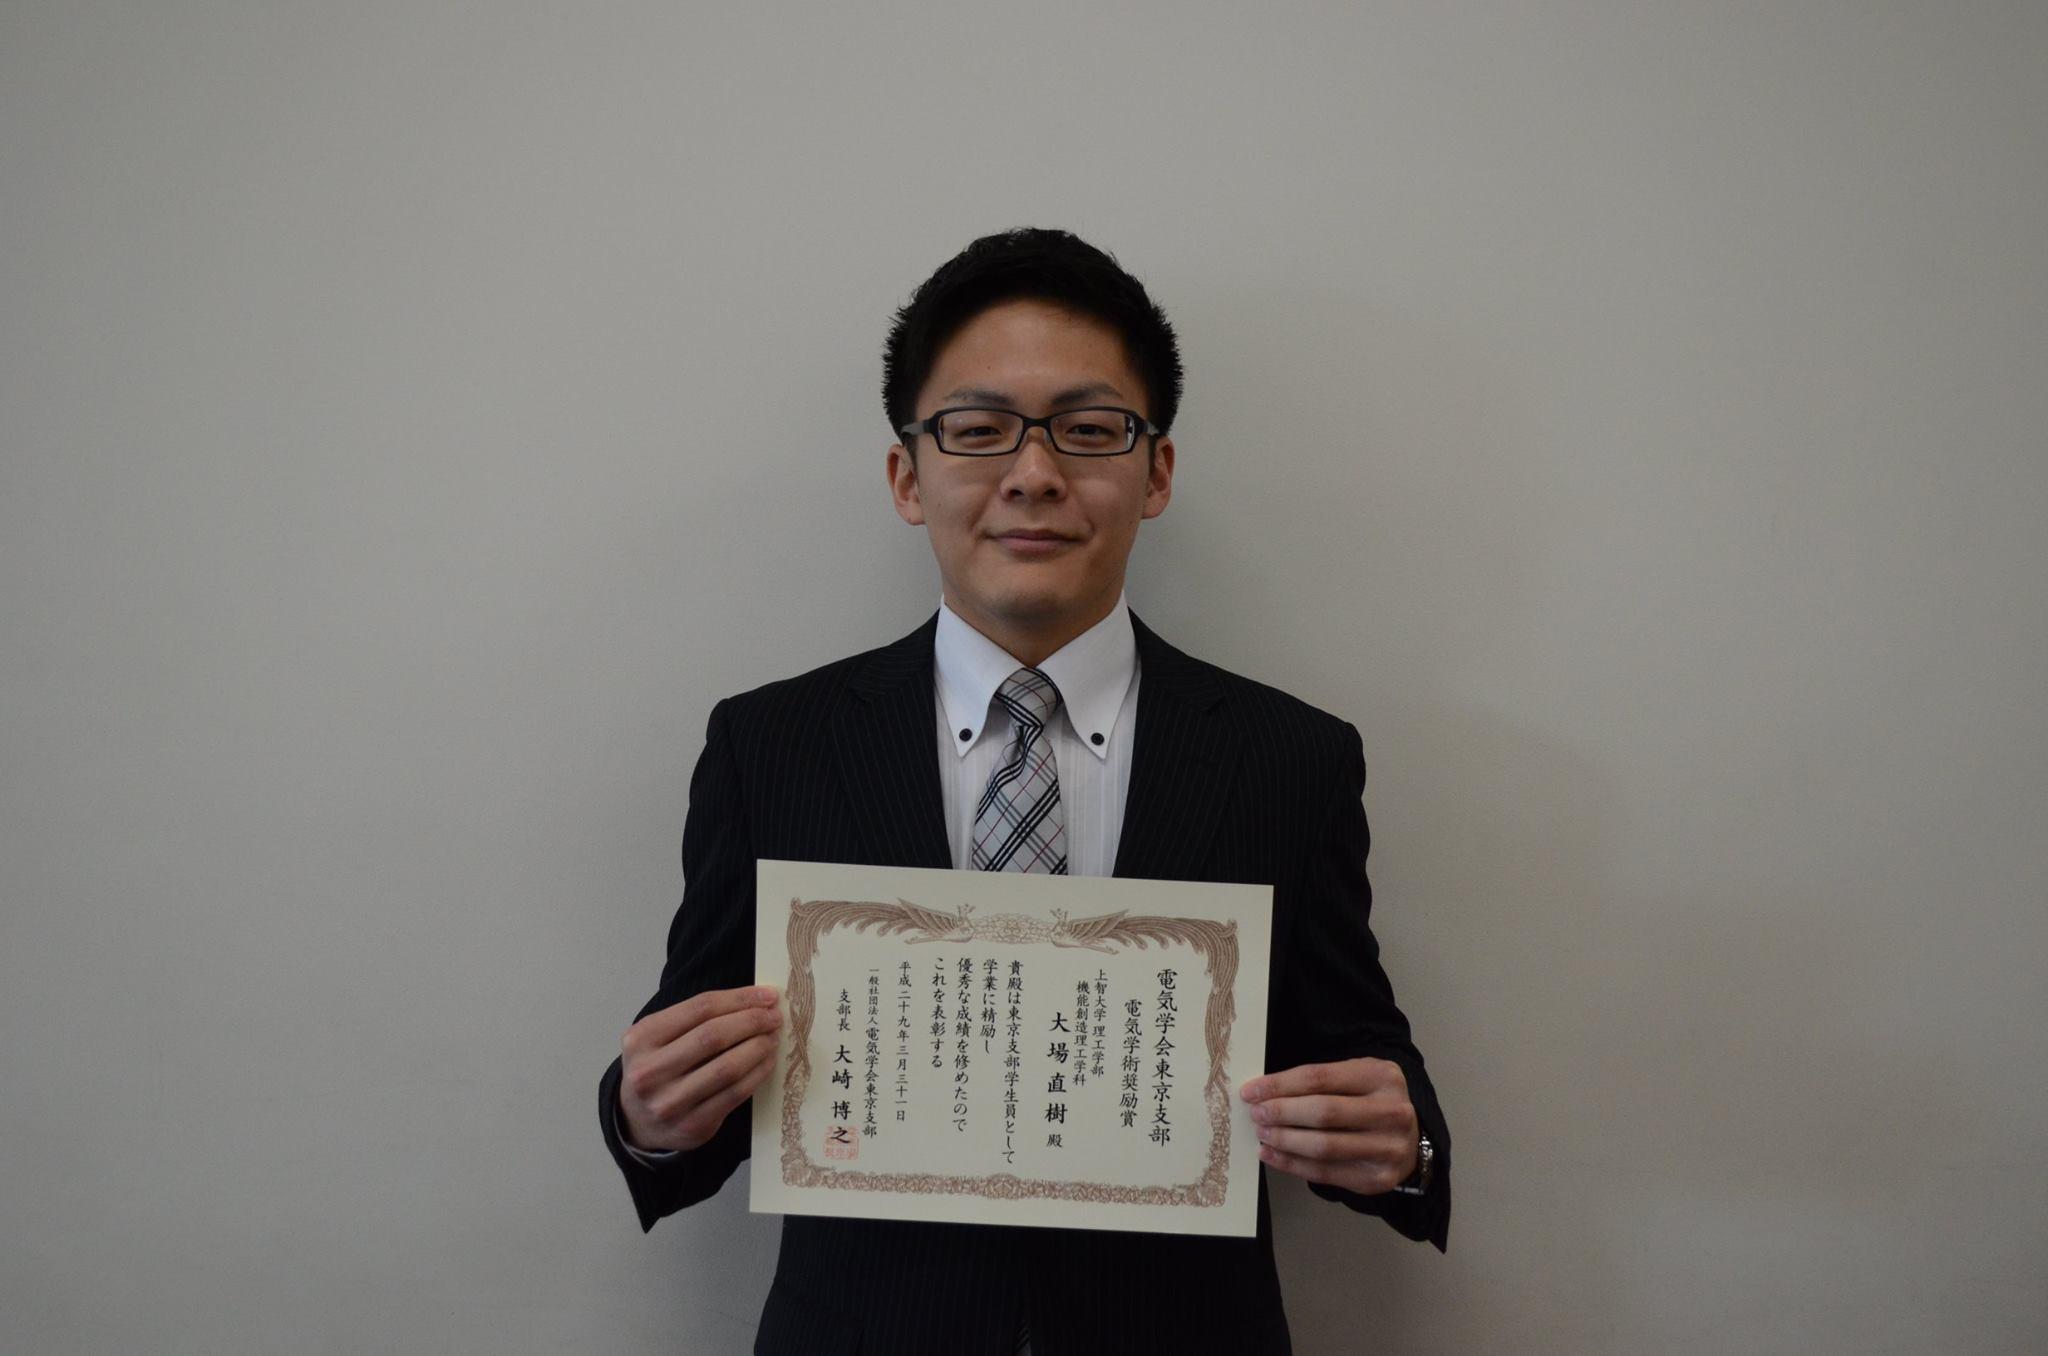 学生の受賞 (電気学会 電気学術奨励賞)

==

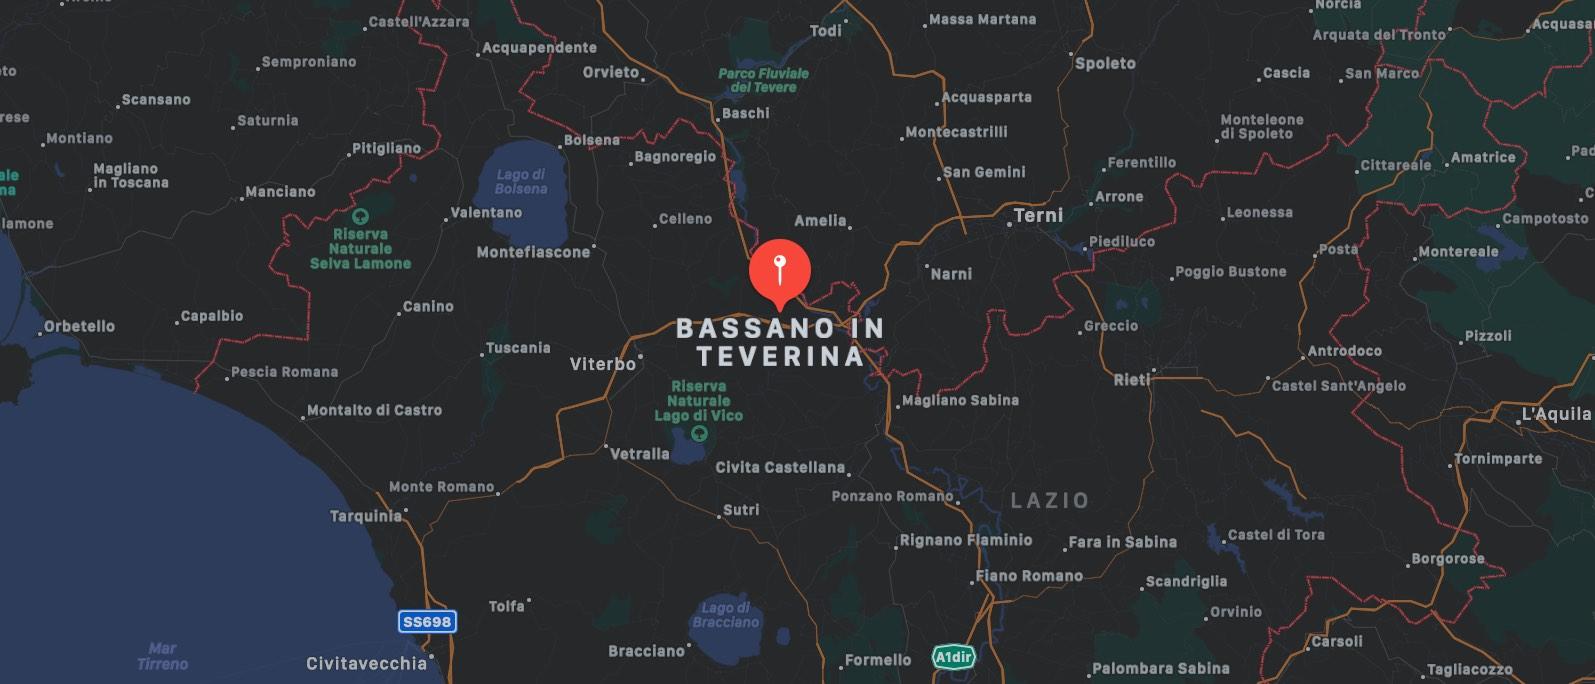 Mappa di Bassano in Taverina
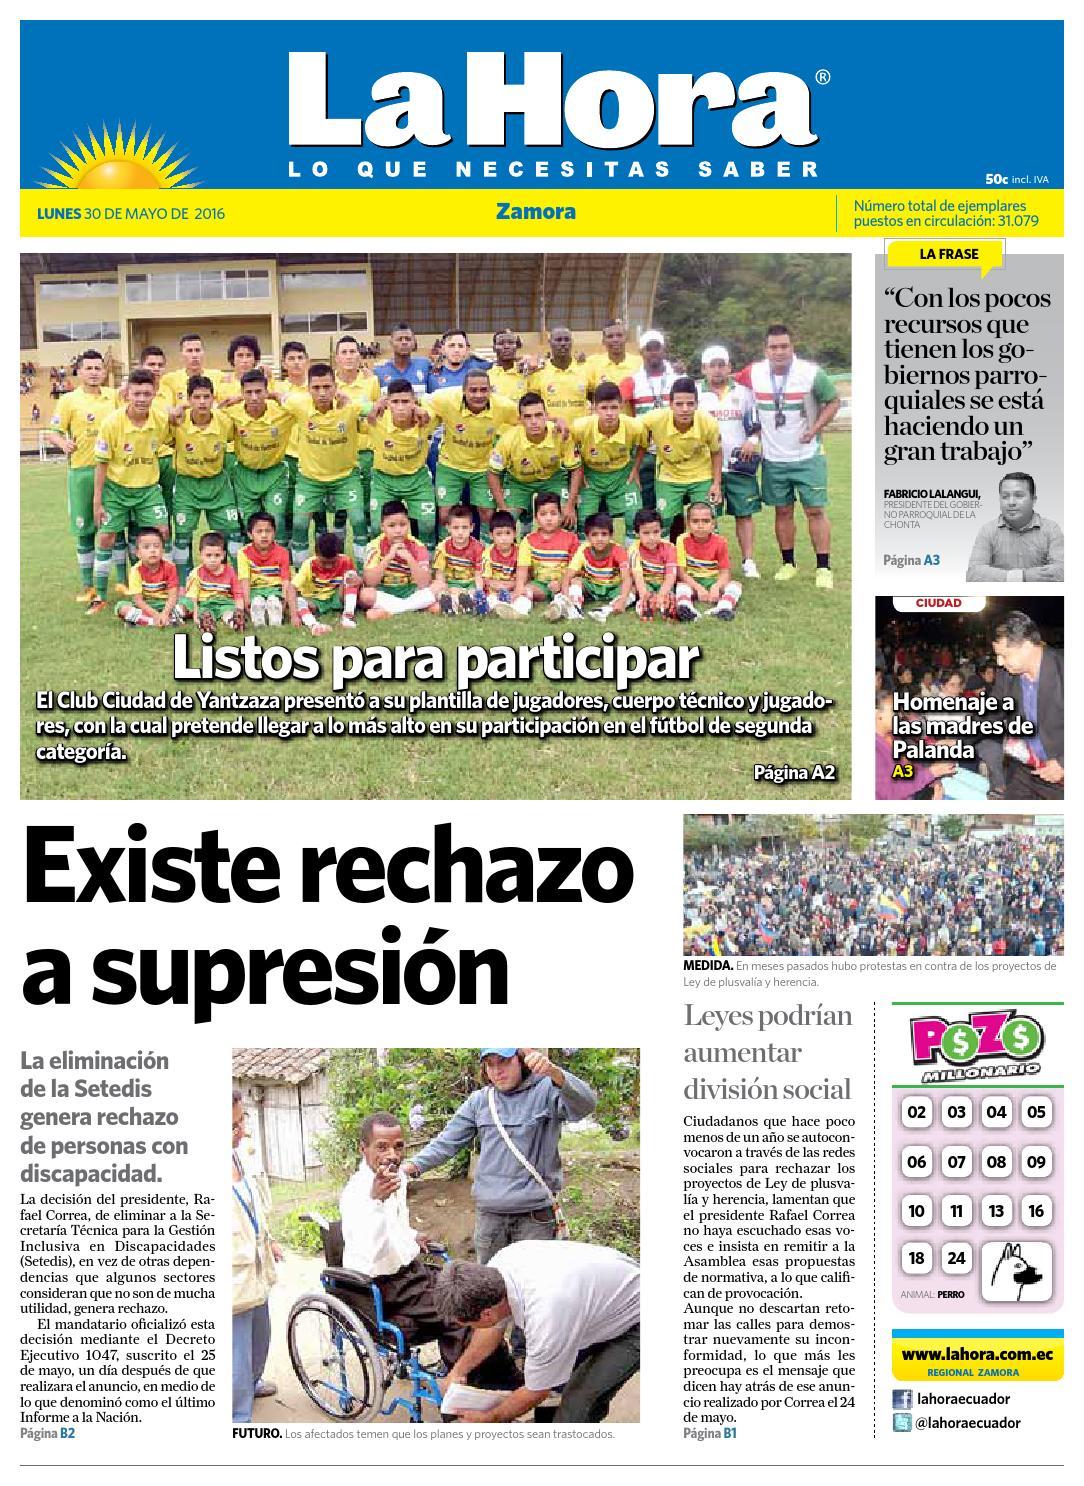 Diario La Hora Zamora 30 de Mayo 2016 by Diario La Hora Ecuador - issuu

...

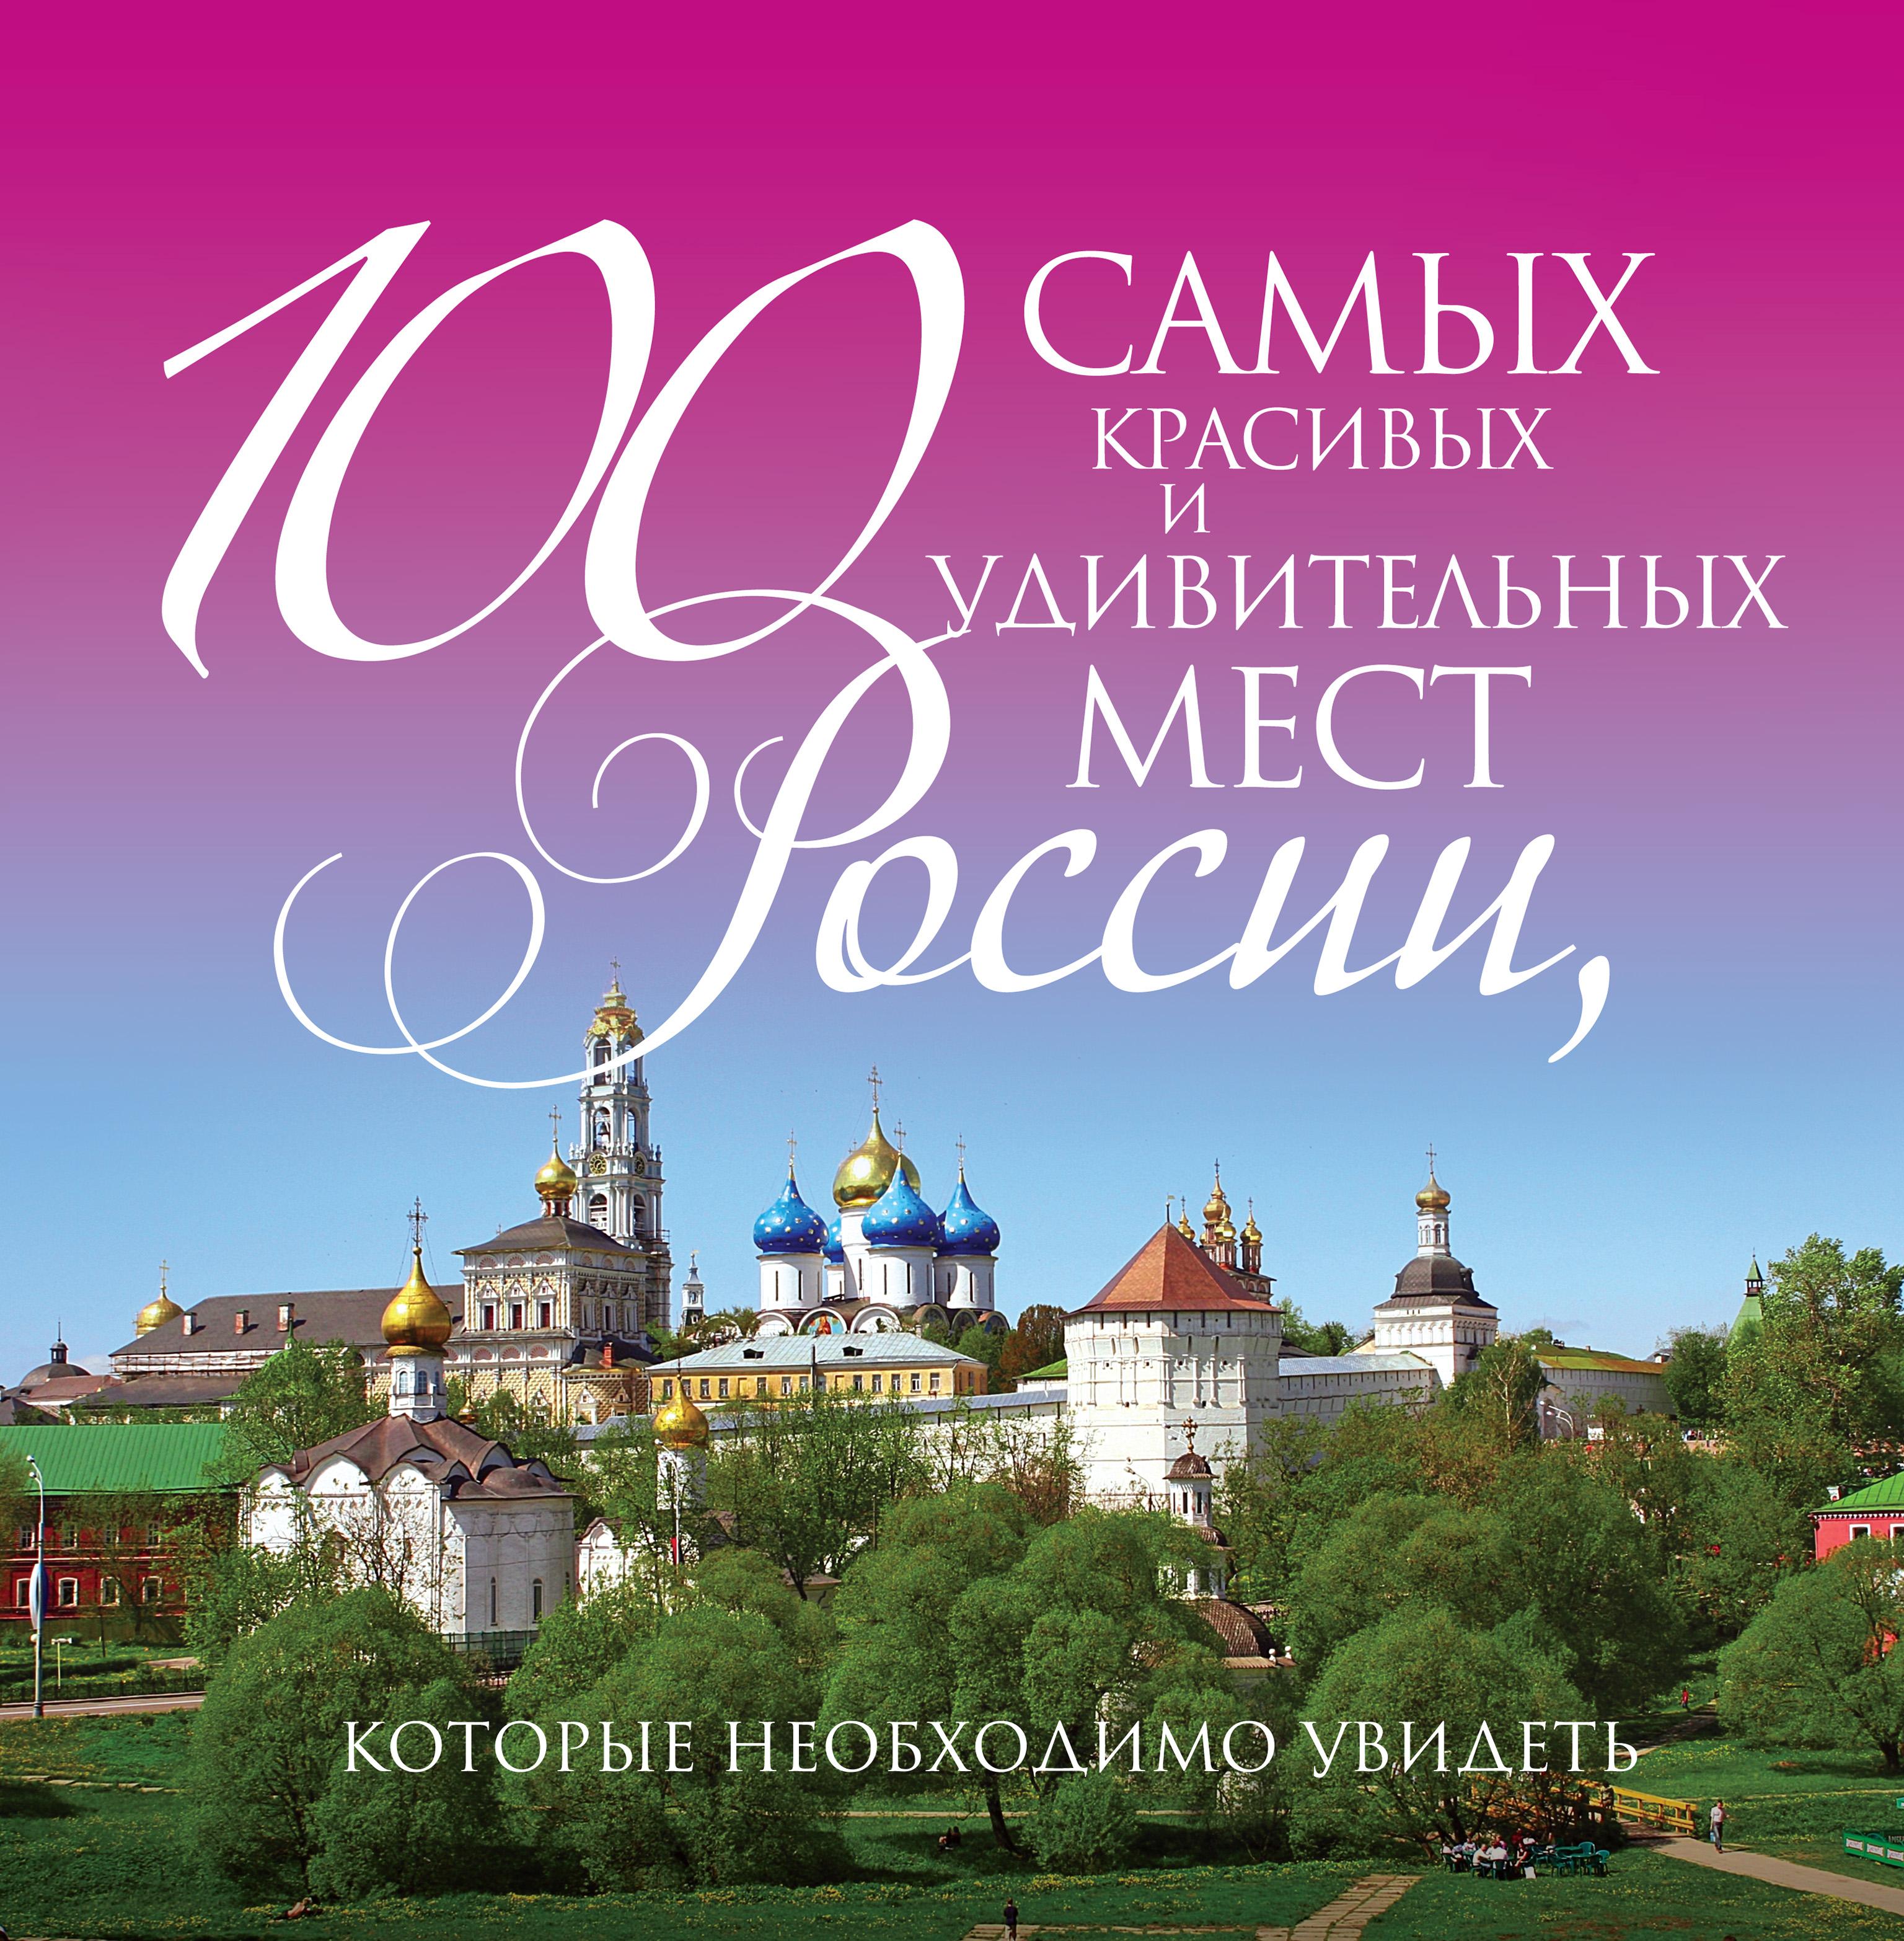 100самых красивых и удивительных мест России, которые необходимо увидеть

Exercise. In the data above, the stretch from the line with "Mappa di Bassano in Taverina" through the line with "Diario La Hora Zamora" is to be returned exactly, minus any pictures.

Written solution.
 Mappa di Bassano in Taverina
 Diario La Hora Zamora 30 de Mayo 2016 by Diario La Hora Ecuador - issuu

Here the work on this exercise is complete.